Pull and run it like any other model. The 20B is a genuine step up in reasoning over similarly-sized chat models and has strong tool-calling, which makes it a good agent backbone:

ollama run gpt-oss:20b

Mistral family decoder ring

The Mistral family is the most confusing namespace on Ollama because four distinct model lines share the prefix.

  • mistral:7b is the original Mistral 7B Instruct, Apache 2.0 licensed. Pull it for license-sensitive deployments and legacy compatibility. New projects should reach for Nemo.
  • mistral-nemo:12b is the modern 12B model, 128K context, multilingual. The right “step up from 8B” pick for quality-sensitive chat that still fits in 12 GB VRAM at Q4_K_M.
  • mistral-small:22b / :24b is the strongest mid-range Mistral. Native function calling, JSON output, and the model to use when you need agentic behavior without burning a 70B-class budget.
  • mixtral:8x7b and mixtral:8x22b are mixture-of-experts. They activate only ~13B parameters per token but you still load all weights into memory: 26 GB and ~80 GB respectively. Pull them when you have surplus VRAM and want the quality-per-active-param tradeoff.
  • devstral:24b is the agentic coding variant from Mistral. Pair it with a coding harness like Aider or OpenCode for local agent-style workflows.
  • magistral:24b is Mistral’s reasoning model (Apache 2.0, 128K context), the option when you want chain-of-thought in the Mistral family rather than reaching for an R1 distillation.

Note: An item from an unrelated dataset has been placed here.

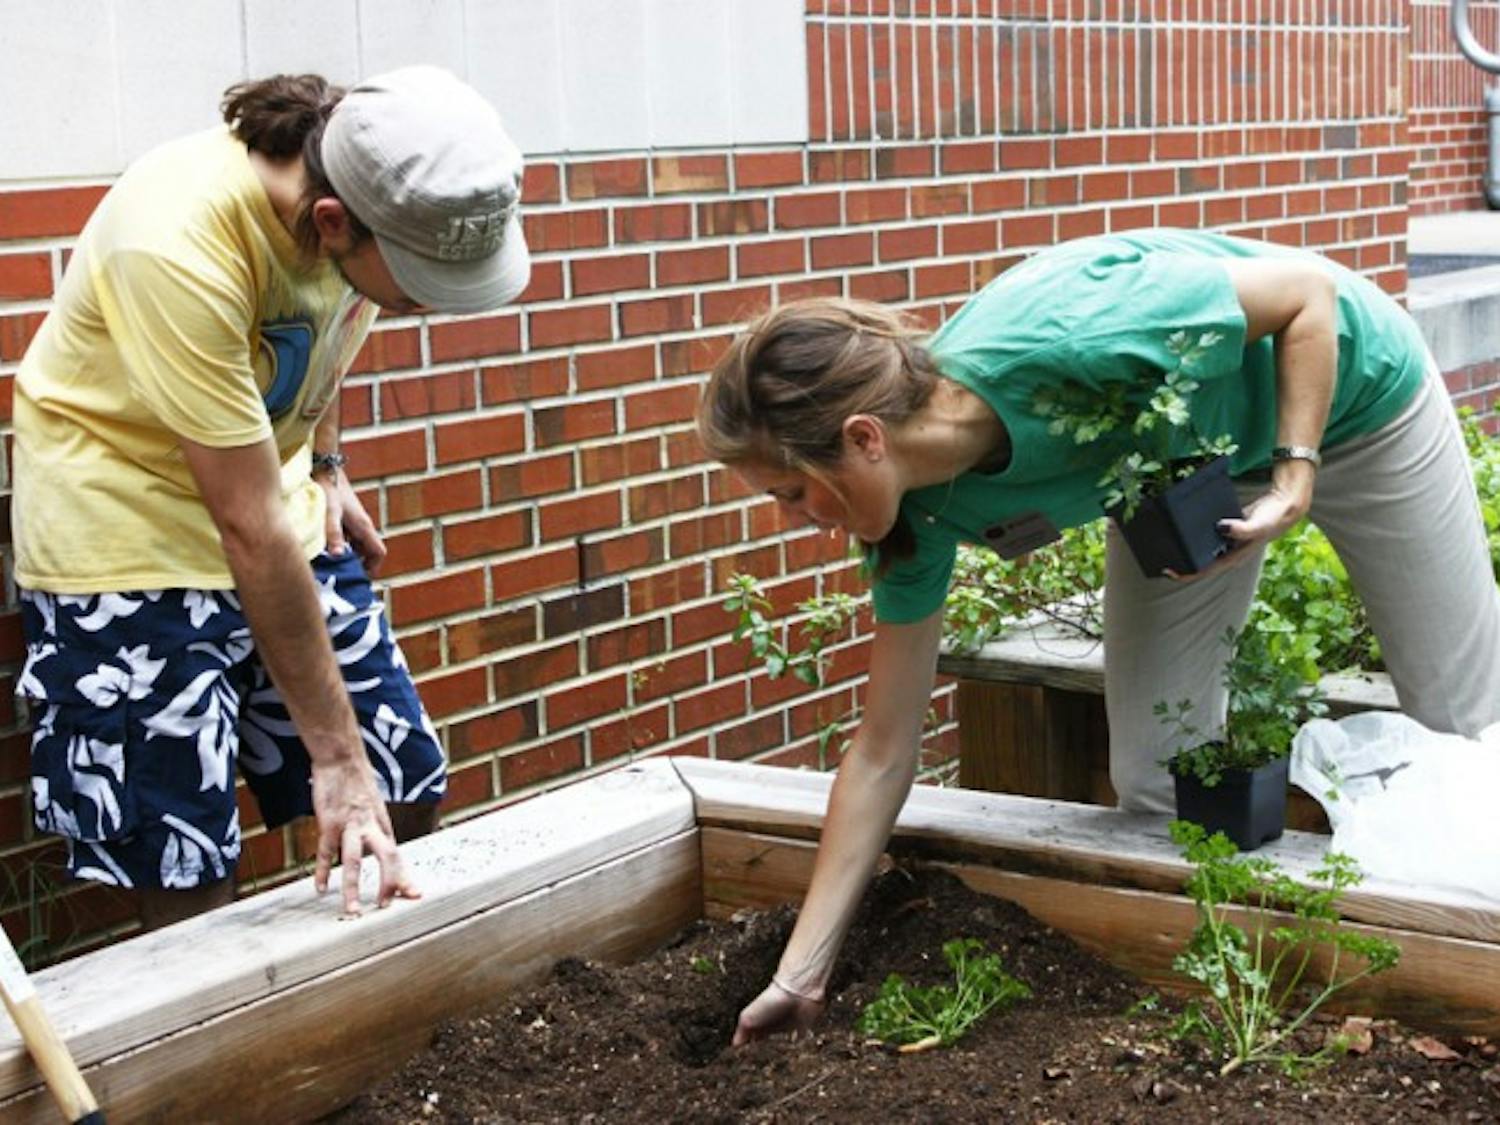 Entomology freshman Andre Szejner, 21, plants herbs next to Gator Corner Dining Center with Leah Chapman, sustainability manager for ARAMARK Higher Education.
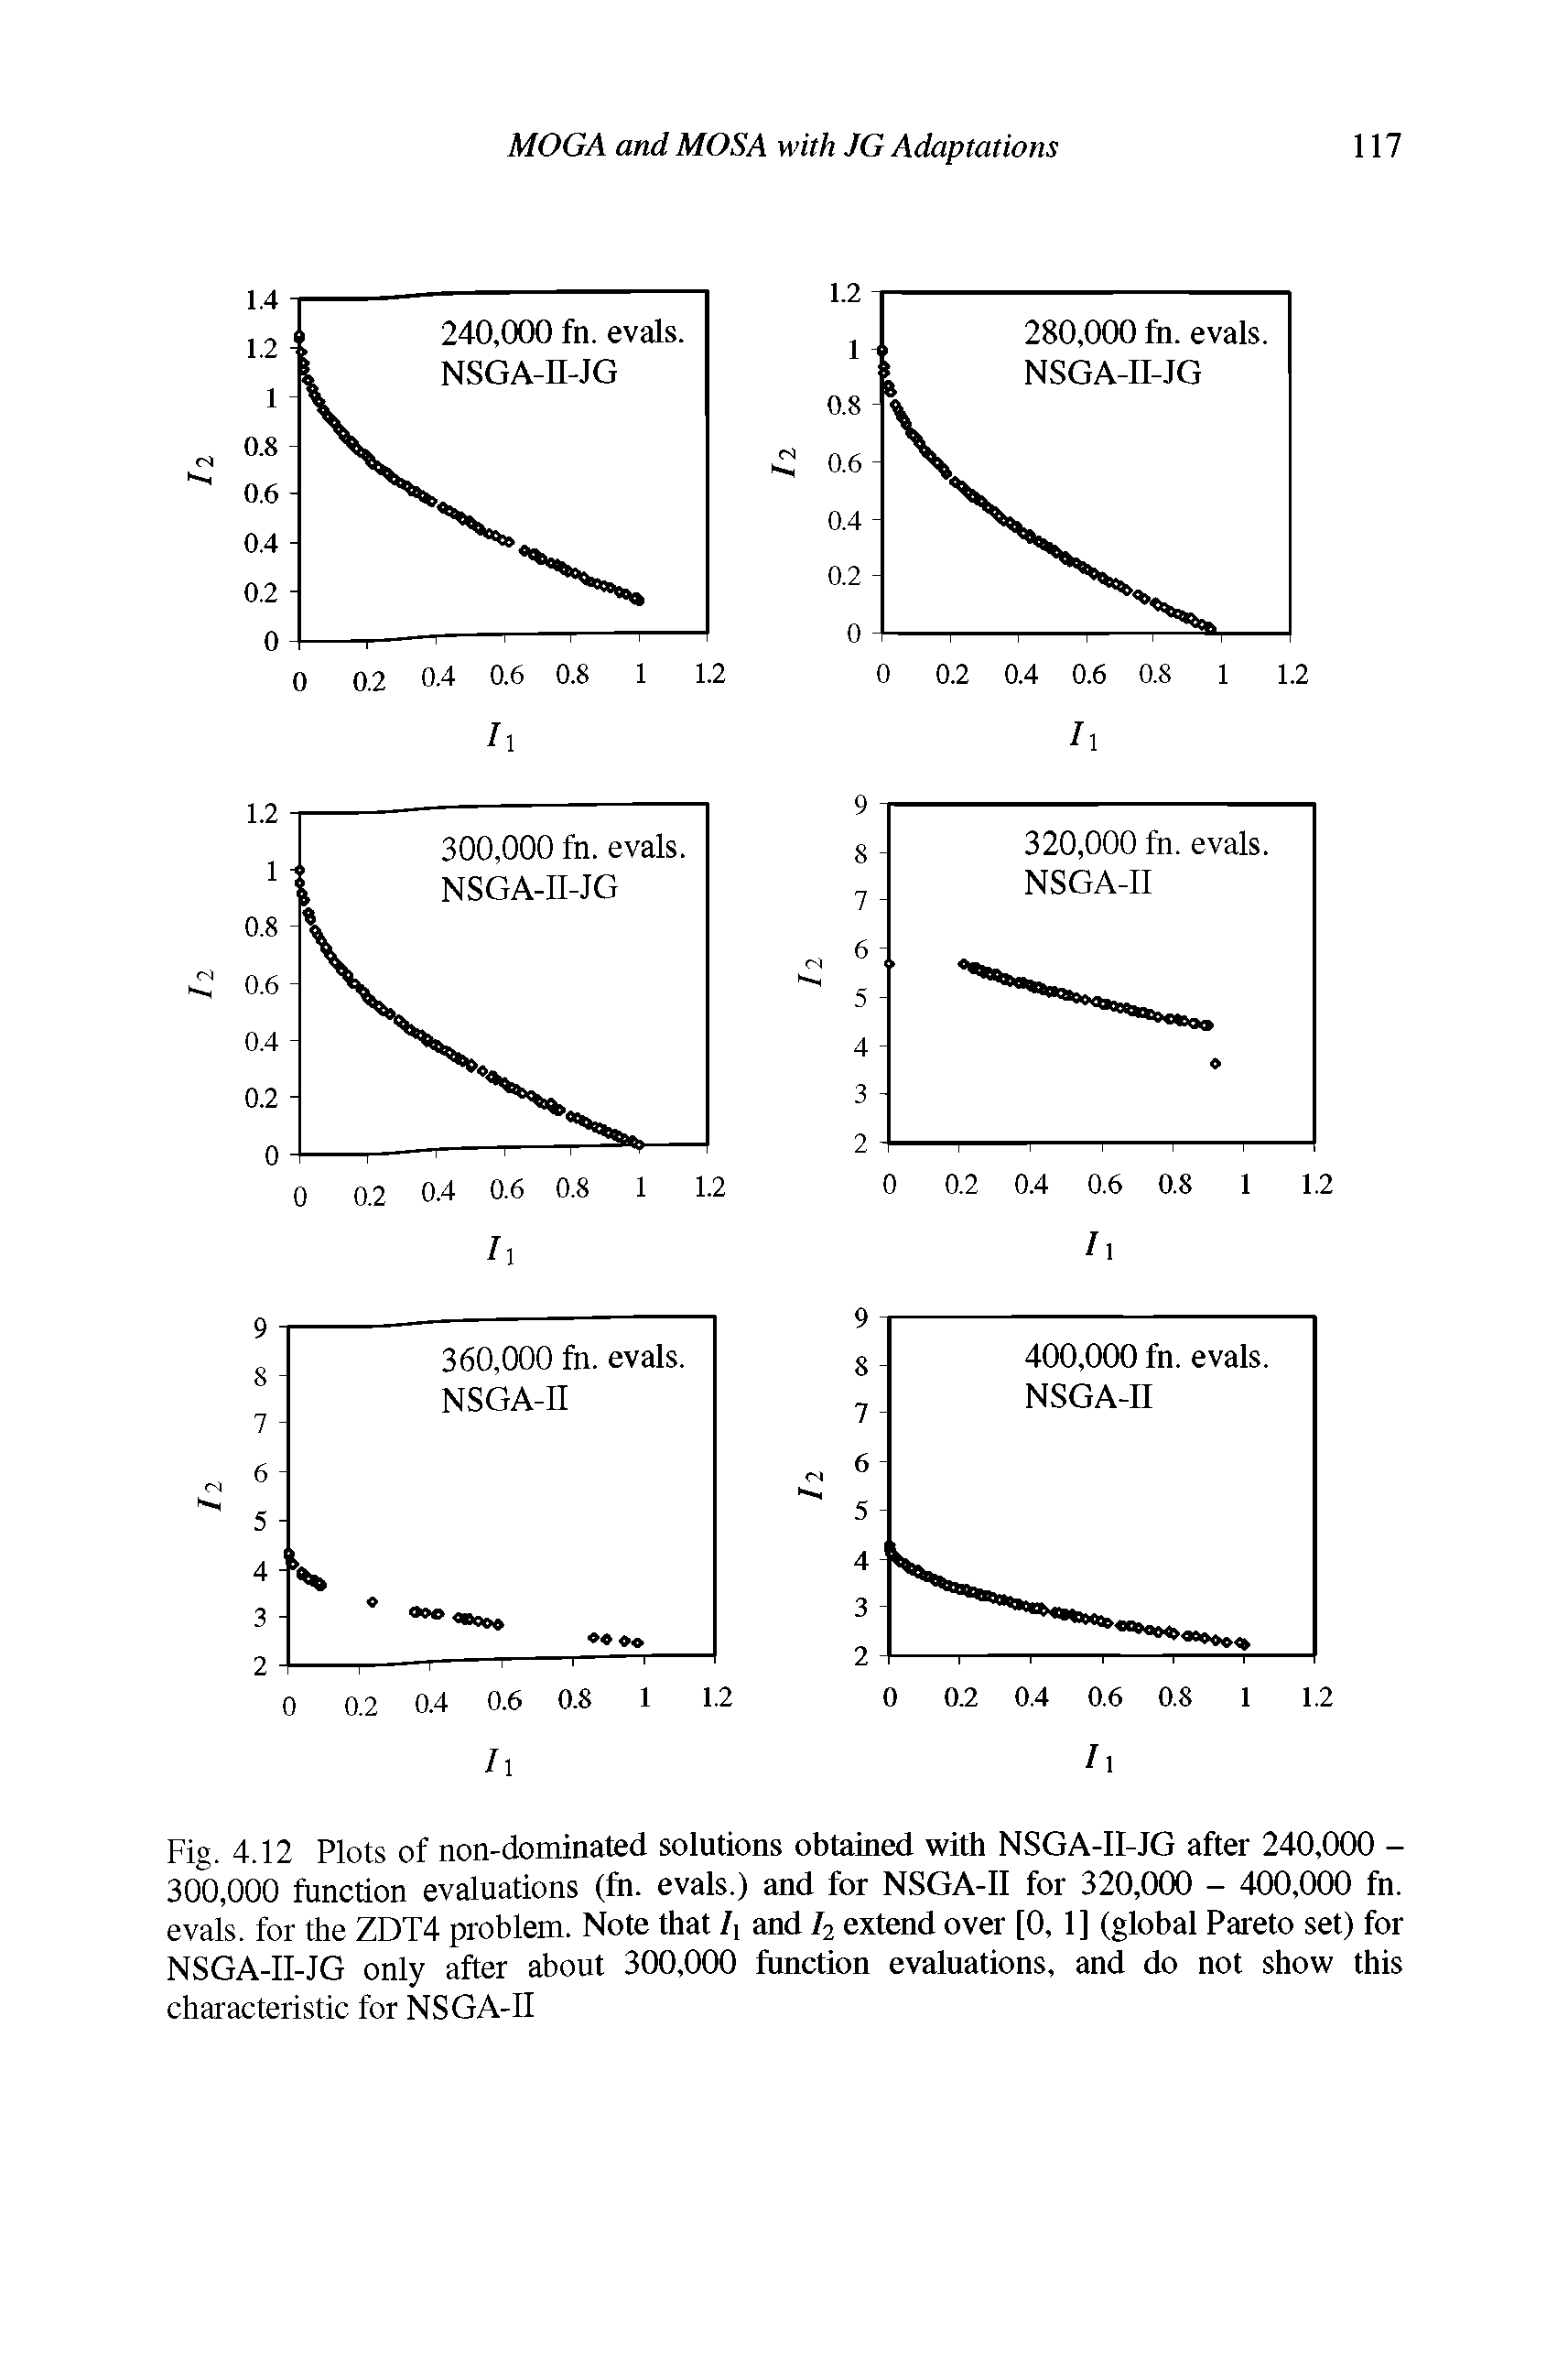 Fig. 4.12 Plots of non-dominated solutions obtained with NSGA-II-JG after 240,000 -300,000 function evaluations (fn. evals.) and for NSGA-II for 320,000 - 400,000 fn. evals. for the ZDT4 problem. Note that /j and I2 extend over [0, 1] (global Pareto set) for NSGA-II-JG only after about 300,000 function evaluations, and do not show this characteristic for NSGA-II...

Gemma 3: the multilingual and vision sweet spot

Gemma 3 from Google ships in five sizes (270m, 1b, 4b, 12b, 27b) and from 4B and up the model is multimodal: image input plus text output. Three reasons to pick it:

  • Multilingual coverage of 140 languages, the broadest of any open model in 2026. If your users write in Swahili, Vietnamese, Tagalog, or Amharic, this is the model.
  • Strong vision performance. Google’s Gemma 3 report puts the 27B at 85.6 on DocVQA, ahead of llava and competitive with closed VLMs on document tasks.
  • Quantization-aware training (QAT) variants are published as gemma3:<size>-it-qat. They were trained at low precision so they outperform standard post-training quantizations at the same bit width.

Caveats: tool calling on Gemma 3 is weaker than on Llama or Mistral, so if your workload routes to tools or builds agents, look elsewhere. The 1B Gemma 3 is text only with a 32K context (smaller than the 128K its larger siblings get).

DeepSeek R1: what is real, what is distilled

This is the single most misunderstood model on Ollama. The real DeepSeek R1 is the 671B parameter MoE available as deepseek-r1:671b (~404 GB on disk), needing serious multi-GPU hardware to run. Every smaller tag (1.5b, 7b, 8b, 14b, 32b, 70b) is a distillation, a smaller base model (Qwen 2.5 or Llama 3.1) fine-tuned on R1’s reasoning traces. They inherit the chain-of-thought style but they are not the same model.

  • deepseek-r1:1.5b through :14b are Qwen 2.5 distillations. The 14B is the sweet spot for local reasoning on 12 GB VRAM.
  • deepseek-r1:32b is also Qwen-distilled and the strongest you can run on a 24 GB card at Q4_K_M.
  • deepseek-r1:70b is a Llama 3.3 distillation, not the 671B model.
  • deepseek-r1:671b is the actual R1.

R1 distillations write a long <think>...</think> reasoning block before they answer. Two implications: latency is significantly higher than a same-size chat model, and the reasoning text is part of the response (count it in your output token budget). For interactive chat where you do not want chain-of-thought, pick Qwen or Llama instead. For math, code review, and step-by-step problem solving, R1 is the right tool. If you have the hardware (or use Ollama Cloud), deepseek-v3.1:671b is the newer DeepSeek flagship: a hybrid model that toggles thinking and non-thinking modes, with thinking quality matching R1-0528 at faster speeds.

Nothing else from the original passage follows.